Thu Jul 18 15:40:10 2024:# size count type redop root time algbw busbw #wrong time algbw busbw #wrong Thu Jul 18 15:40:10 2024:# (B) (elements) (us) (GB/s) (GB/s) (us) (GB/s) (GB/s)
Thu Jul 18 15:40:10 2024: 1048576 262144 float sum -1 120.2 8.72 17.01 0 119.2 8.80 17.16 0 Thu Jul 18 15:40:10 2024: 2097152 524288 float sum -1 140.3 14.95 29.14 0 139.6 15.02 29.29 0 Thu Jul 18 15:40:10 2024: 4194304 1048576 float sum -1 207.6 20.20 39.39 0 208.7 20.10 39.20 0 Thu Jul 18 15:40:10 2024: 8388608 2097152 float sum -1 240.0 34.96 68.17 0 233.7 35.89 69.98 0 Thu Jul 18 15:40:10 2024: 16777216 4194304 float sum -1 339.5 49.41 96.35 0 342.8 48.95 95.45 0 Thu Jul 18 15:40:10 2024: 33554432 8388608 float sum -1 549.9 61.02 118.99 0 548.4 61.18 119.30 0 Thu Jul 18 15:40:10 2024: 67108864 16777216 float sum -1 975.2 68.81 134.18 0 969.0 69.26 135.05 0 Thu Jul 18 15:40:10 2024: 134217728 33554432 float sum -1 1810.1 74.15 144.59 0 1876.5 71.53 139.48 0 Thu Jul 18 15:40:10 2024: 268435456 67108864 float sum -1 3744.0 71.70 139.81 0 3844.9 69.82 136.14 0 Thu Jul 18 15:40:11 2024: 536870912 134217728 float sum -1 7649.7 70.18 136.85 0 7584.8 70.78 138.03 0 Thu Jul 18 15:40:12 2024: 1073741824 268435456 float sum -1 13972 76.85 149.85 0 13953 76.95 150.06 0

echobinarybytes commented 1 month ago

some hint here https://github.com/NVIDIA/nccl/issues/471#issuecomment-789088941

wangdaw2023 commented 1 month ago

From the post, it says "a flat ring (high latency, best bandwidth) and a tree (low latency, ok bandwidth)."

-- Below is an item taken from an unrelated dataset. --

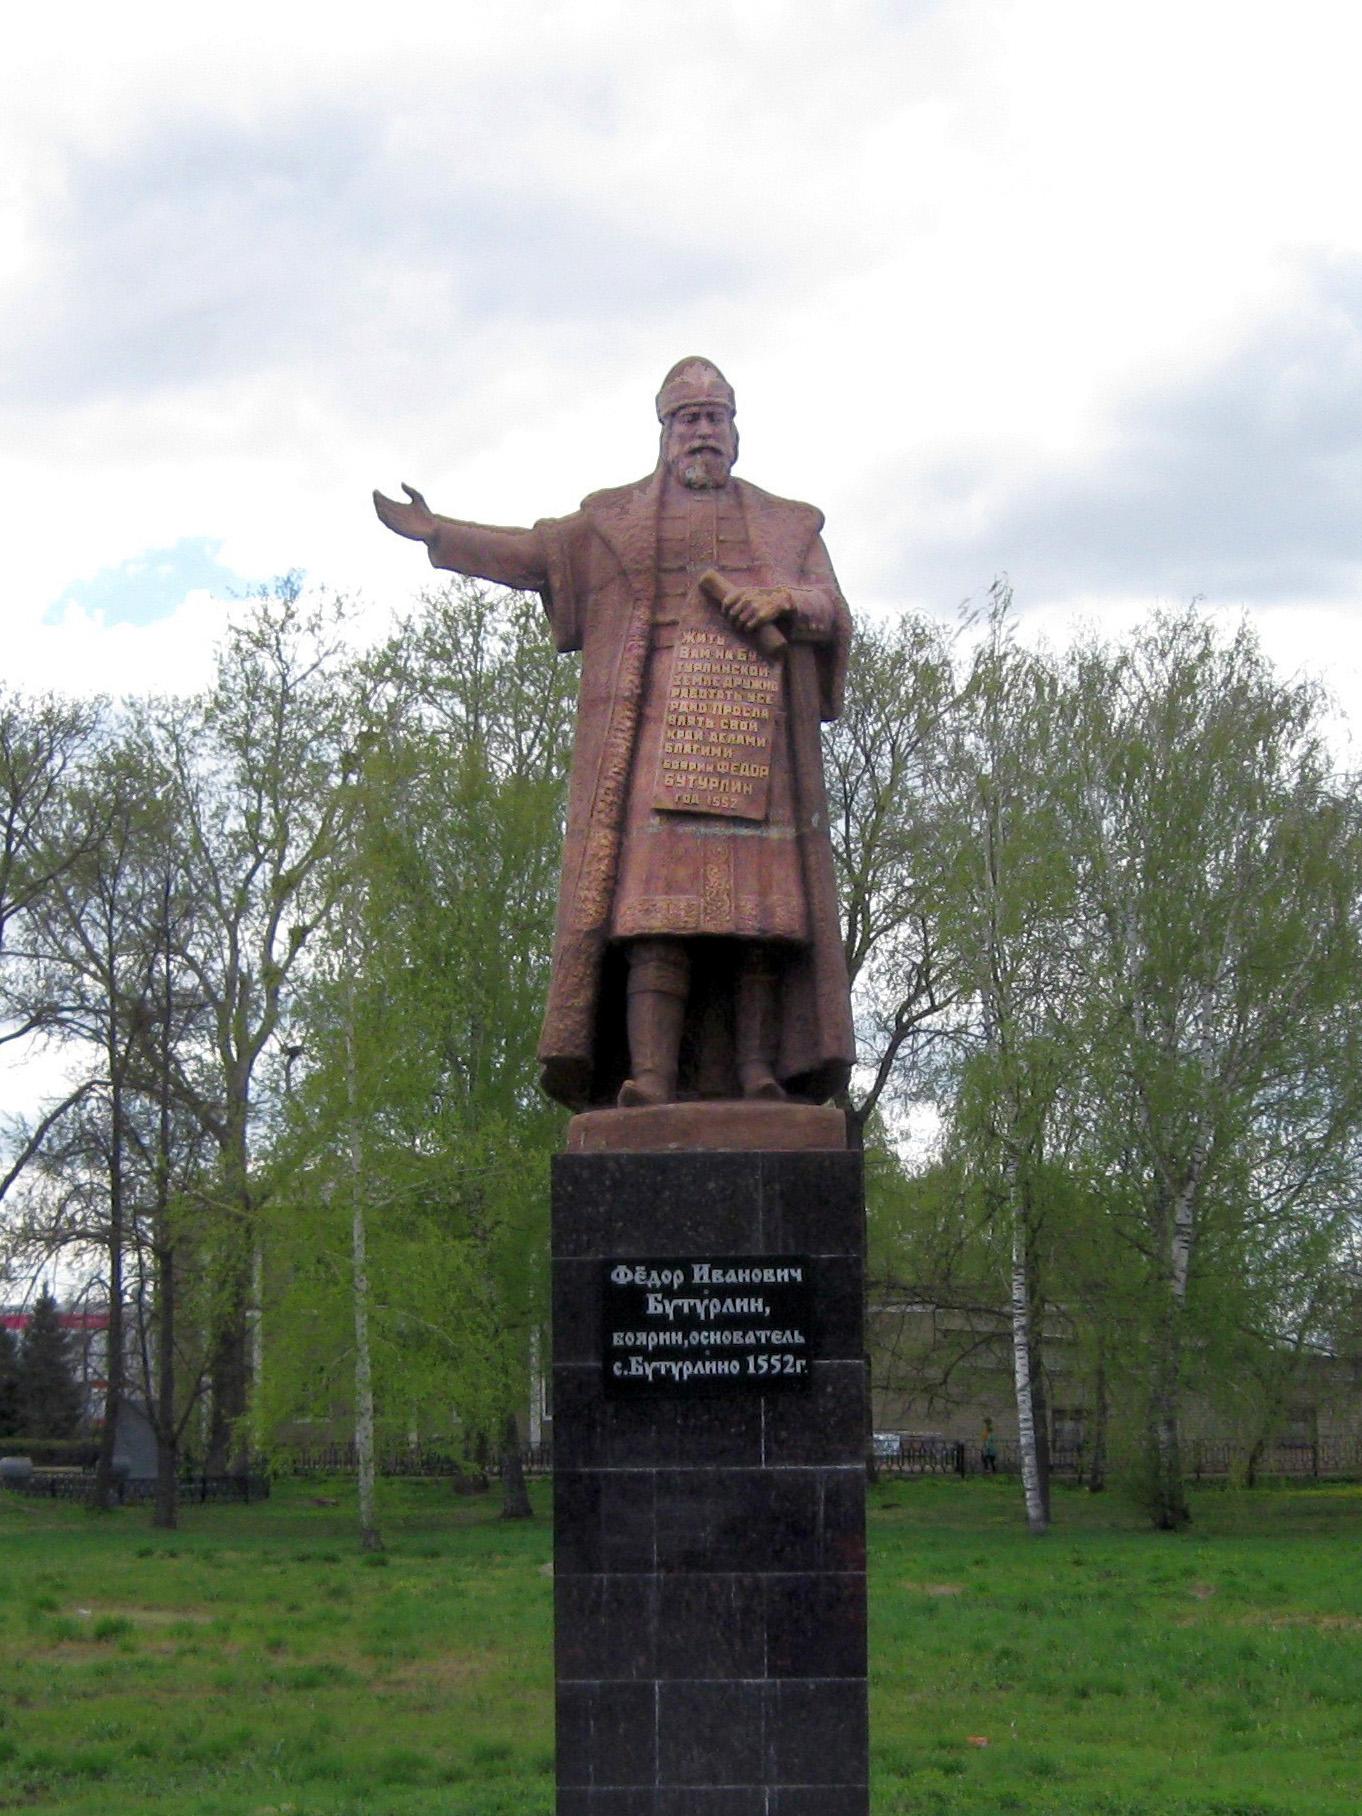 Памятник основателю Бутурлино, боярину Ф.И.Бутурлину.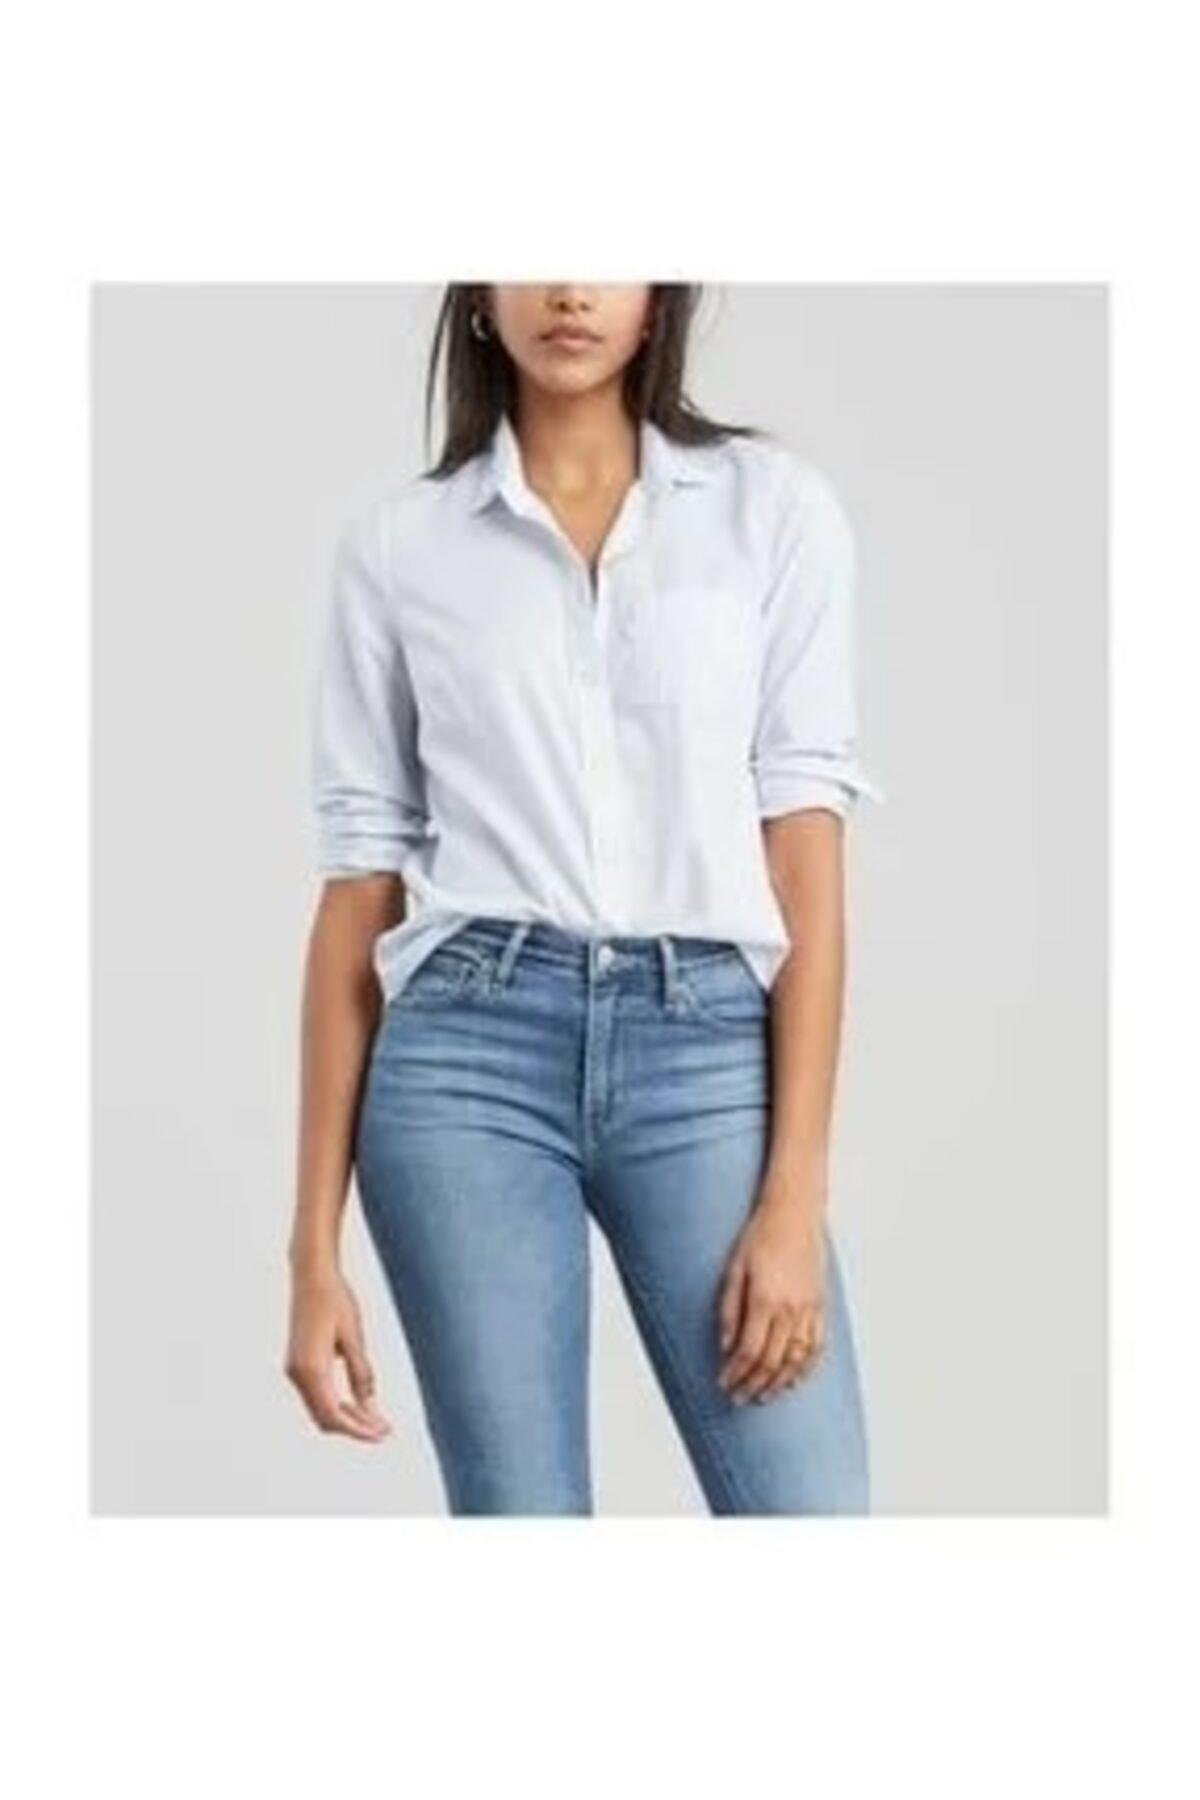 Levi's Kadın Mavi Gömlek 23548-0098 1

Tree is slower than Ring since Ring could have best bandwidth.

So, in my understanding, training LLM in scale with ring would get best bandwidth for exchanging gradients/activations between ranks, which is suitable for big data bucket. Tree is prefered when we emphasize latency and small data bucket.